The effects of each pre-treatment condition on the composition of the treated I. doka biomass were evaluated by sequential chemical extraction and gravimetric method described by Sridevi et al. [29]. The hot water soluble extracts, cellulose, hemicellulose and lignin contents were determined.

FTIR analysis were carried out on a Buck Scientific FTIR model 530 to determine the structural changes that occurred in each pre-treated biomass. Two milligram of dried samples were mixed with 250 mg of dried KBr, pressed to pellets and scanned over the range 4000–400 cm−1 at a resolution of 4 cm−1 [30, 31]. The spectra produced were used to evaluate structural changes that occurred with each pre-treatment condition.

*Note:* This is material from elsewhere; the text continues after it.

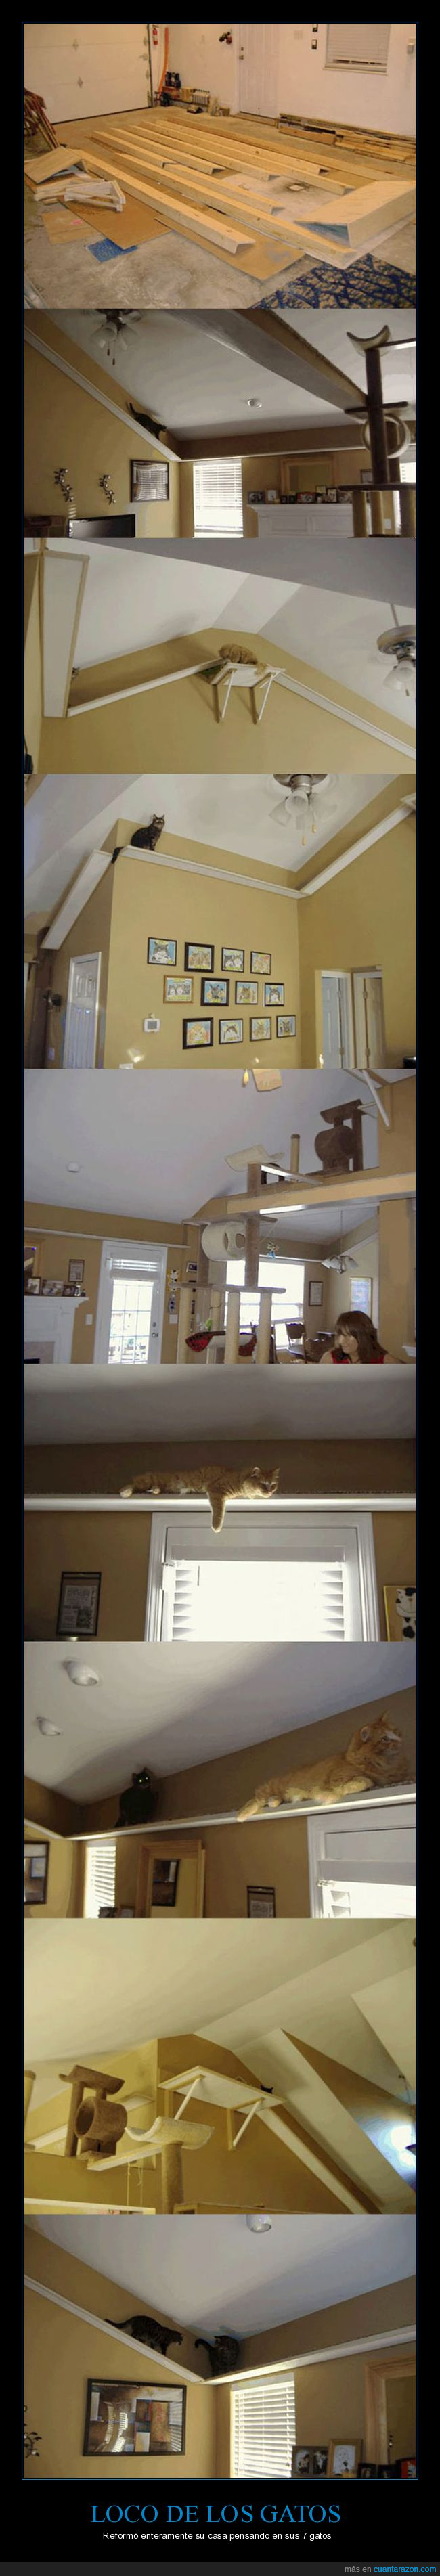 cornisas,gatos,repisas,techo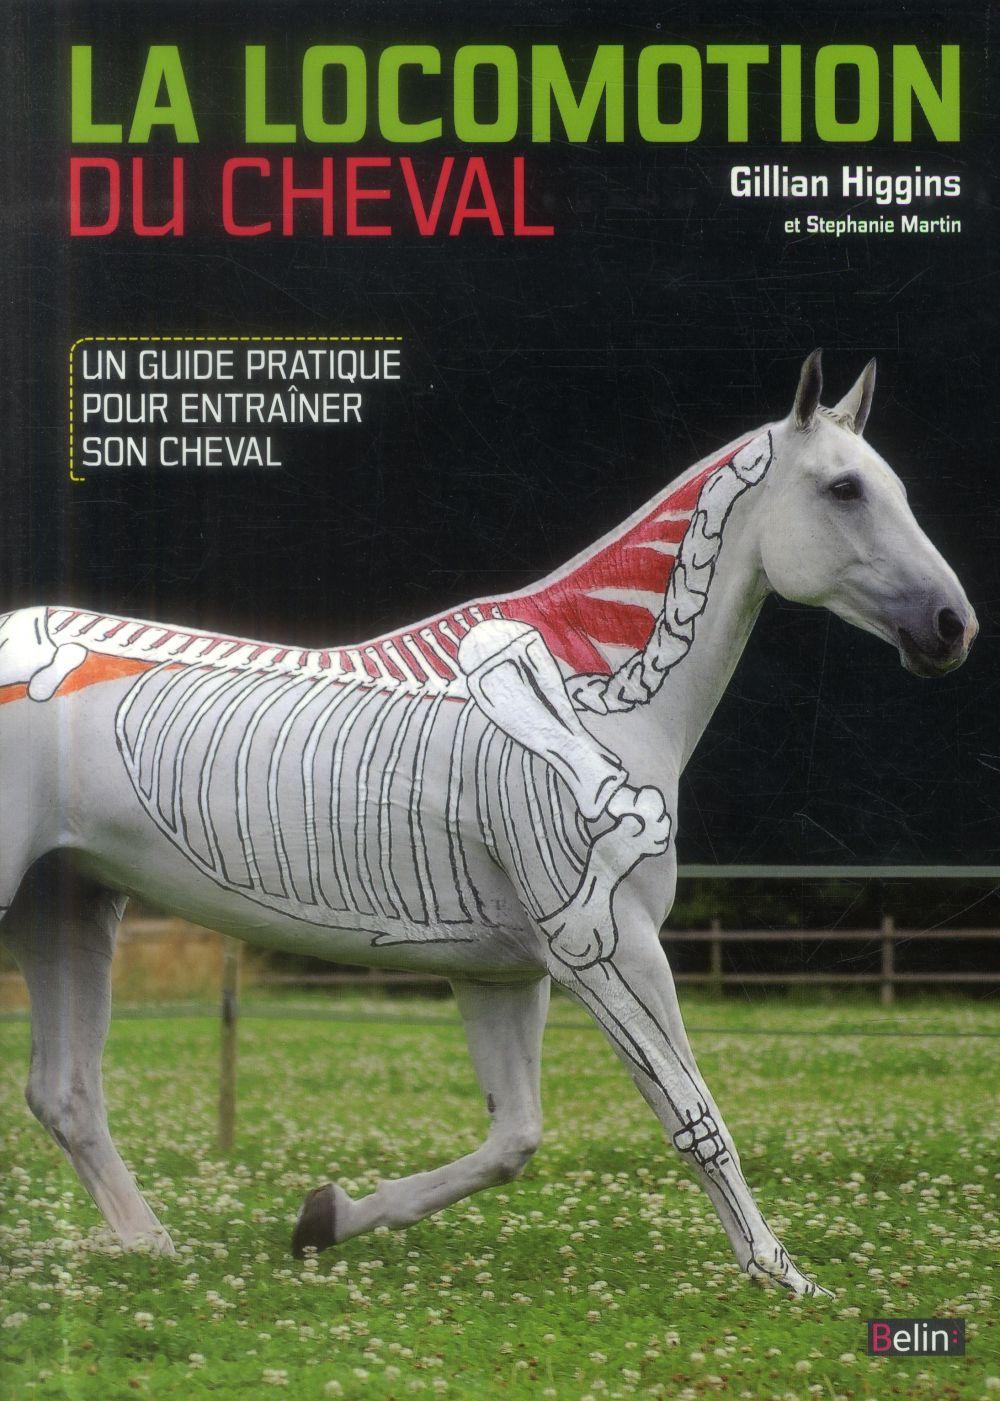 La locomotion du cheval ; un guide pratique pour entraîner son cheval

2.4 Saccharification of pre-treated sawdust

In a 250 ml Erlenmeyer flask, three grams of the pre-treated and untreated sawdust were loaded into 45 ml of 0.1 M sodium acetate buffer solution, pH 5.0 consisting of 5 g/l KH2PO4; 5 g/l (NH3)2SO4; 1 g/l MgSO4.7H2O; 1 g/l NaCl 1.5 g/l yeast extract; the slurry were sterilized using an autoclave at 121 °C for 15 min and were allowed to cool to room temperature. The saccharification was carried using commercial cellulase enzyme cocktail from T. reesei ATCC 26921 (endoglucanase activity ≥ 700 units/g) and cellobiase from A. niger; cellobiase activity ≥ 0.3 unit/mg solid using the methods described by Corbin et al. [32] with some modification. The enzymes were mixed in ratio 1:1 and loaded into the flasks. The flasks were incubated at 45 °C and 70 rpm in an orbital shaker for 18 h. Aliquot of each sample was collected in Eppendorf tubes and centrifuged at 8500 rpm for 10 min, the supernatants were subsequently filtered using Puradisc 0.2-µm PES filter (Whatman GE Healthcare) and utilised for sugar analysis.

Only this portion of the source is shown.